Just wondering about any good uses for this that may not be immediately obvious - like what ferries can she use it on in Ireland and apart from NI, does it have any currency internationally? And anything else to note....


----------



## Saavy99 (31 Jul 2020)

She's free on all trains and busses. Free trip out to the Aran Islands, if using it in Northern Ireland it's bit more complicated but look up citizen information about that. Can't be used outside of the country.

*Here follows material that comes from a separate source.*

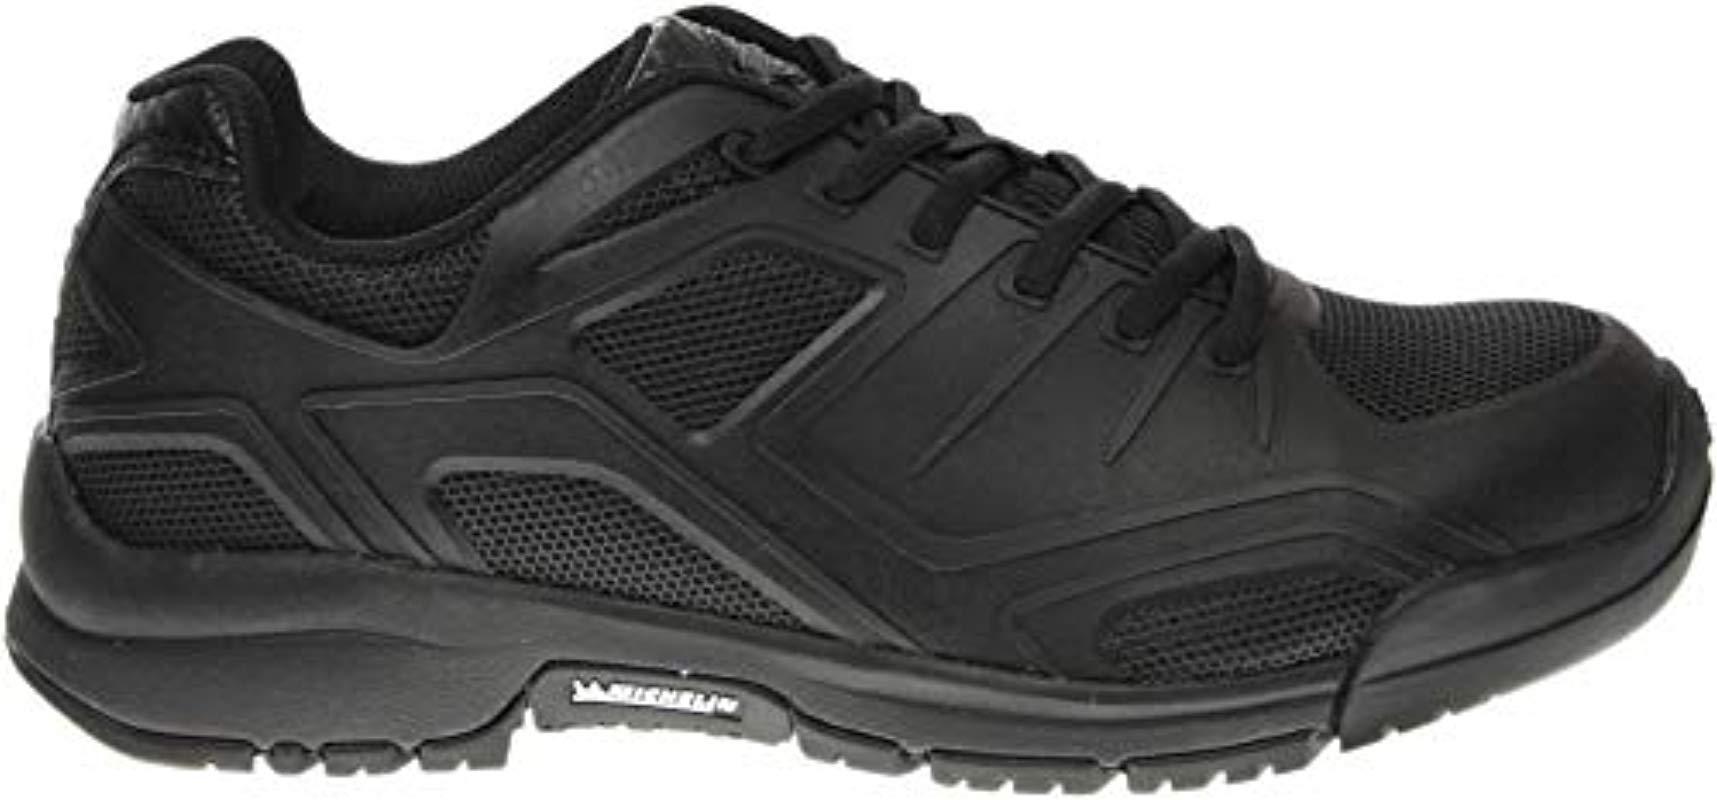 553093cab29 Lyst - Dickies Spectre Black Industrial Boot in Black for Men
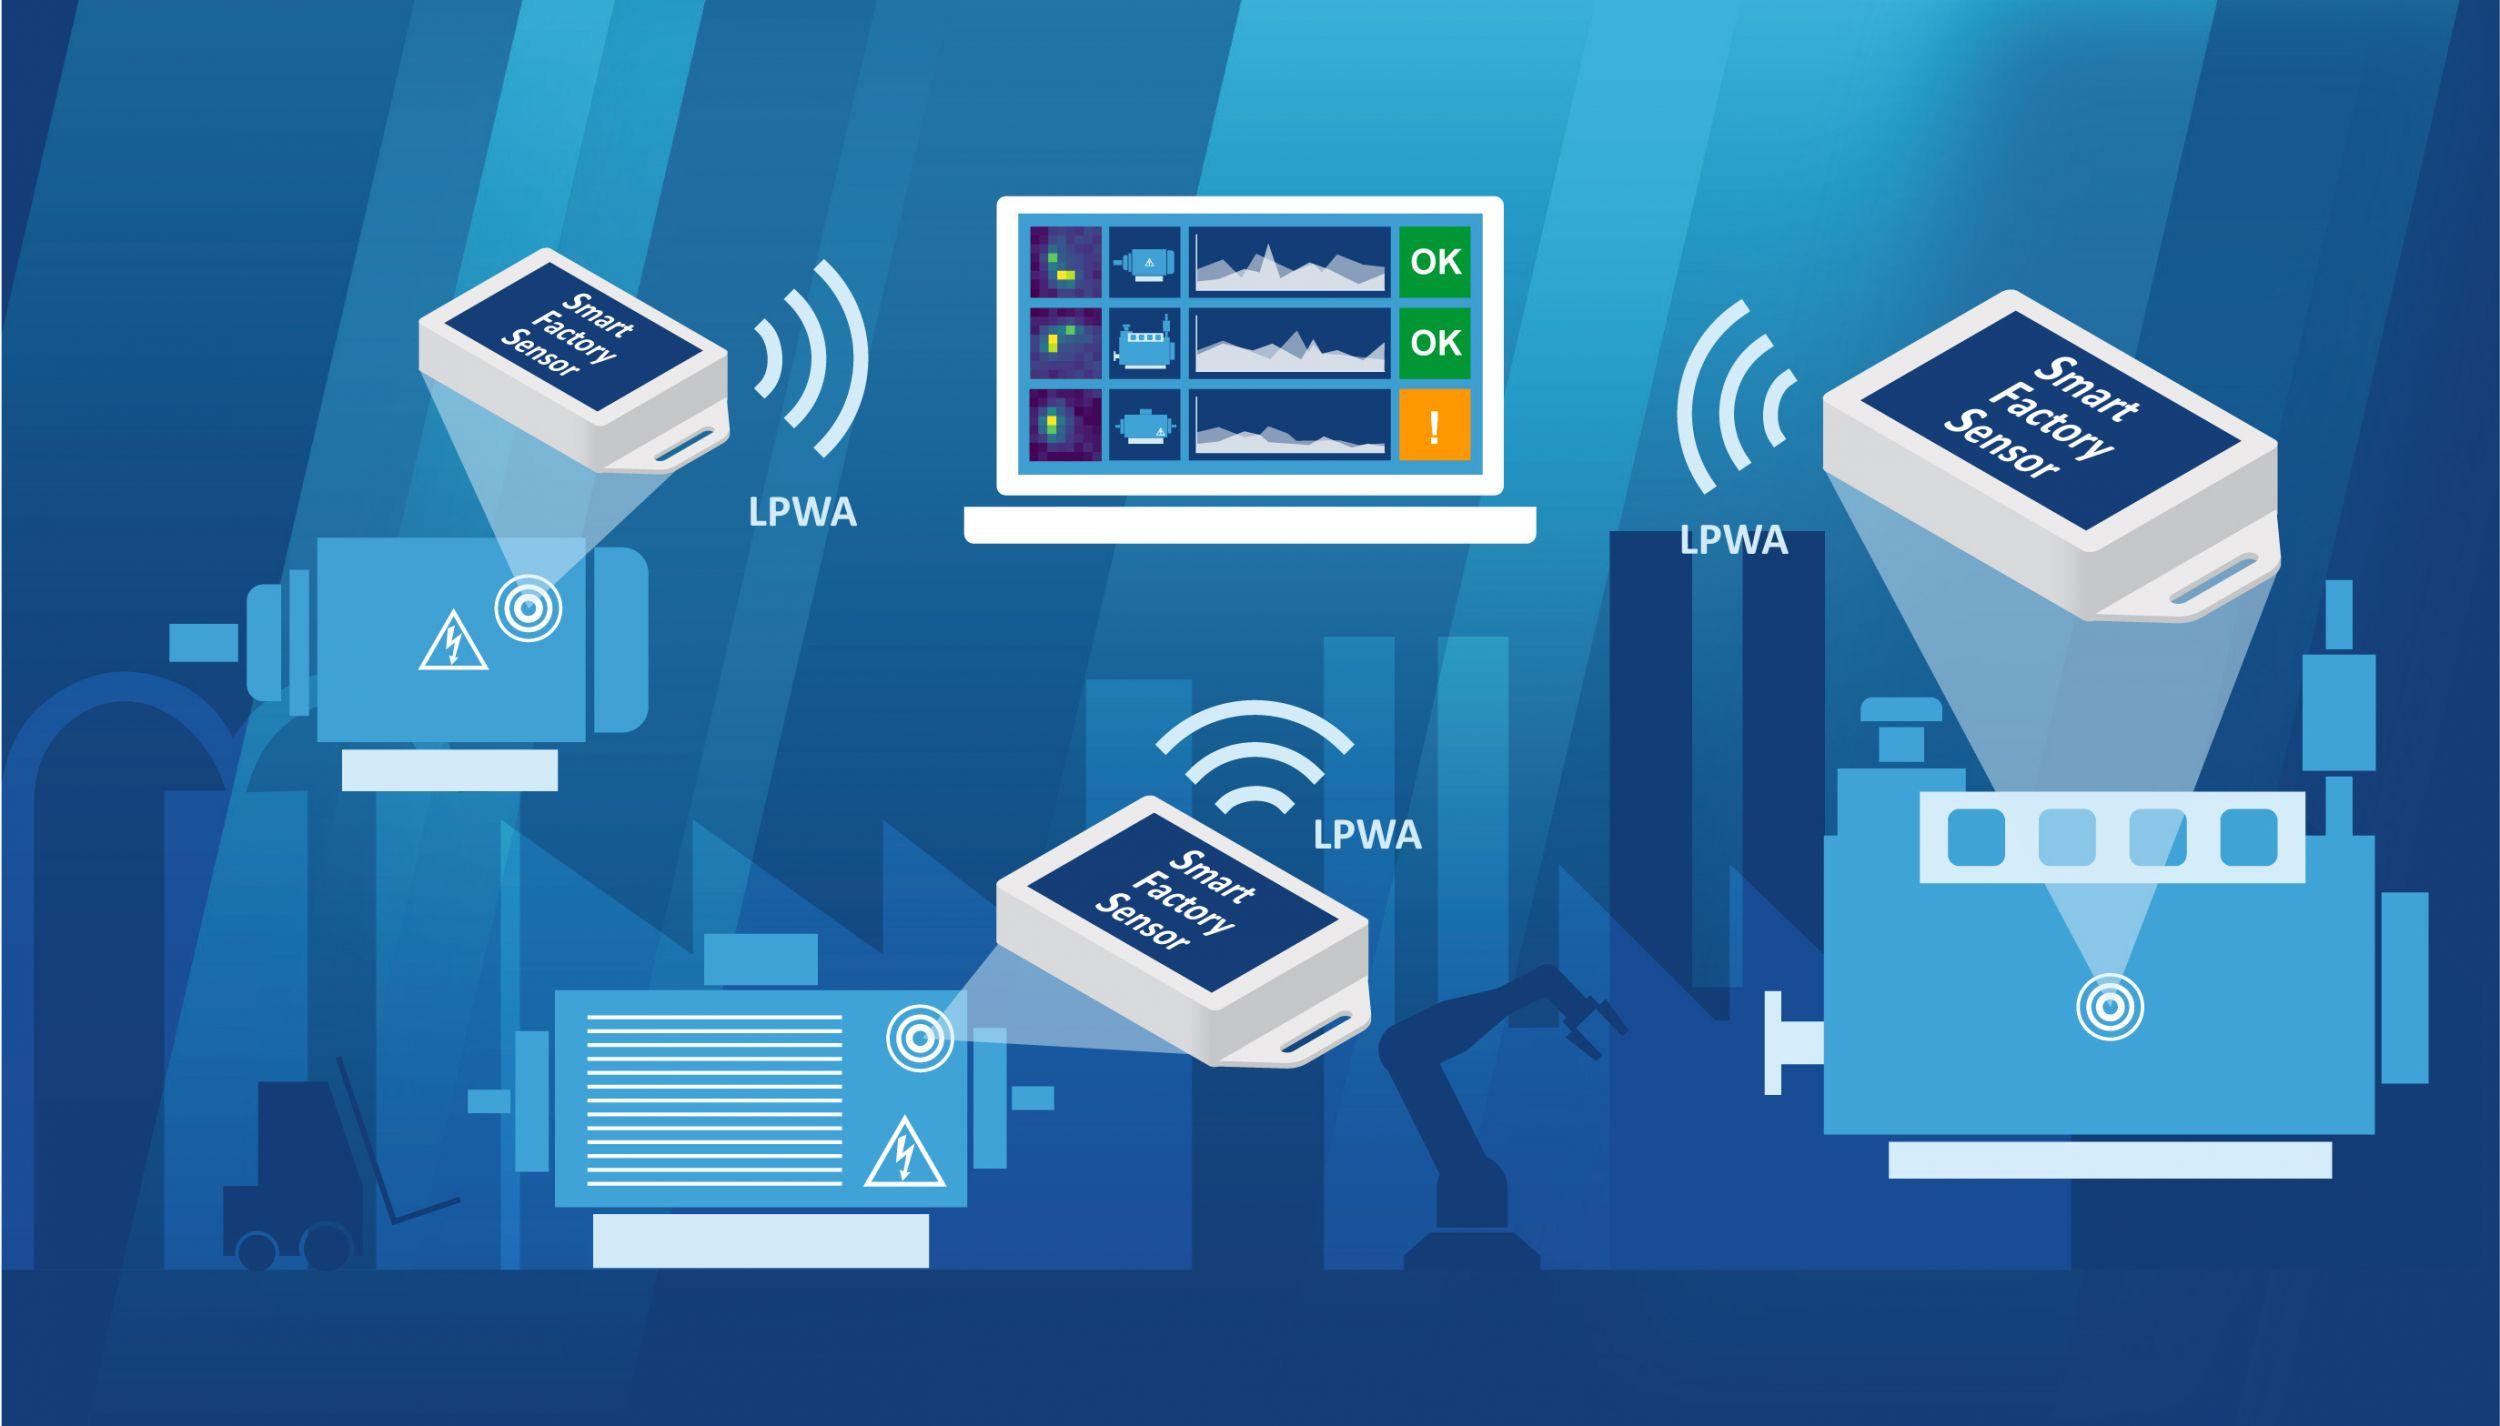 IoT-Monitoring per LPWA-Funkverbindung

It's great perk to have but I don't know how long more the country can sustain it especially now with reduced capacity in all trains and busses.


----------



## Slim (31 Jul 2020)

Make sure she applies separately to NI for the NI pass. It's not automatic or all Ireland.


----------



## Saavy99 (31 Jul 2020)

Her spouse can also travel free with her even if that person is under pension age.


----------



## Sue Ellen (31 Jul 2020)

elacsaplau said:


> And anything else to note....



Hate to have to say this but with Covid still very active does she really want to be travelling much on public transport at the moment especially now that she has reached the age where she qualifies for free travel.


----------



## MrsBre (31 Jul 2020)

Saavy99 said:


> Her spouse can also travel free with her even if that person is under pension age.


She needs to check which card she has as there are 3 categories of free travel:

If *FT-P* is written on her Public Services Card, you personally are entitled to free travel.
If *FT+S* is written on her Public Services Card, your spouse, civil partner or cohabitant can join you for free when you are travelling (they cannot travel for free alone). A cohabitant is one of a couple who live together, but are not married or in a civil partnership. Your spouse, civil partner or    cohabitant’s name will not be on the card.
If *FT+C* is written on her Public Services Card, a companion (over 16) can travel with you for free (because you are unable to travel alone for medical reasons).


----------



## elacsaplau (31 Jul 2020)

Hi Sue Ellen,

Fair point - I actually meant to caveat my initial post along those lines!


----------



## peemac (1 Aug 2020)

Previously it was valid at off peak times only, then some government changed it so that they could get more grey votes. 

This means premium seats are effectively subsidised by fare payers. 

It should revert back to off peak travel only and this would kill off talk about getting rid of it. 

Possibly have a special peak rate (same as child rate) for those who want to use peak times


----------



## NoRegretsCoyote (2 Aug 2020)

peemac said:


> Previously it was valid at off peak times only, then some government changed it so that they could get more grey votes.
> 
> This means premium seats are effectively subsidised by fare payers.



The original logic of the FTP was to spread demand more evenly over the day. Commuters got to travel with less congestion, pensioners got to travel for free if they went off peak. A win-win.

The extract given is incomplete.